In accordance with some implementations, mechanisms (which can include methods, systems, and media) for identifying a plurality of sets of coordinates for a plurality of devices are provided.

In accordance with some implementations of the disclosed subject matter, the mechanisms described herein can identify, for each of a plurality of devices, a set of coordinates using a sound ranging procedure. In some implementations, identifying coordinates of a series of smart home devices using methods provided by the disclosed subject matter can allow users to use spatial audio (e.g., surround sound) in an audio/visual experience.

In some implementations, a user can select which devices to include in the sound ranging procedure through a user device and send a request to a server. In some implementations, the server can direct the plurality of devices to perform an audio sequence that results in a series of transit times.

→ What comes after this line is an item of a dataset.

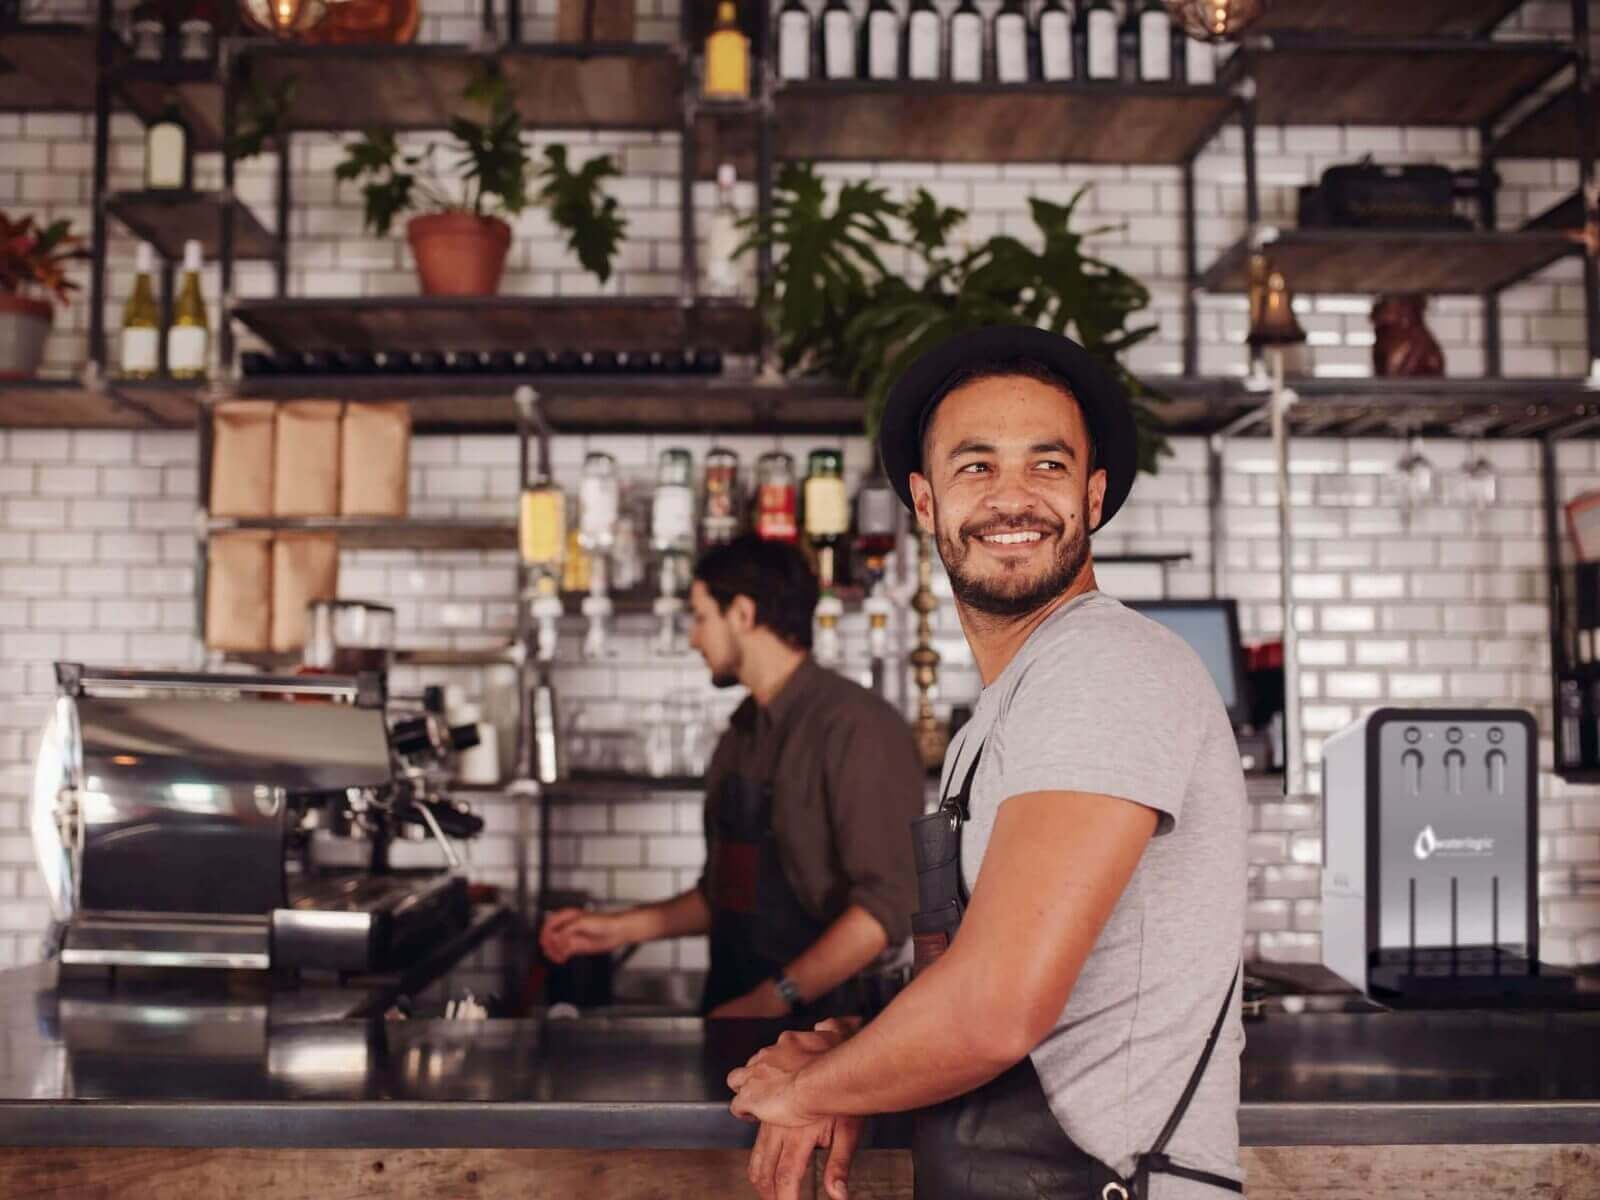 Shop owner. Владелец кофейни. Предприниматель в кофейне. Entrepreneur Coffee shop. Алекс Крук бариста фото.

In some implementations, the audio sequence can be a series of pings and responses, with each device in the plurality of devices taking a turn as the leader sending out the first ping (e.g., round-robin style). In some implementations, the audio sequence can use audio tones above the range of human hearing (e.g., ultrasound) to complete the series of pings and responses. In some implementations, audio pings and responses can be used to determine the round trip transit time between each pair of devices in the plurality of devices. In some implementations, this set of transit times can be stored as a matrix and can be sent to the server.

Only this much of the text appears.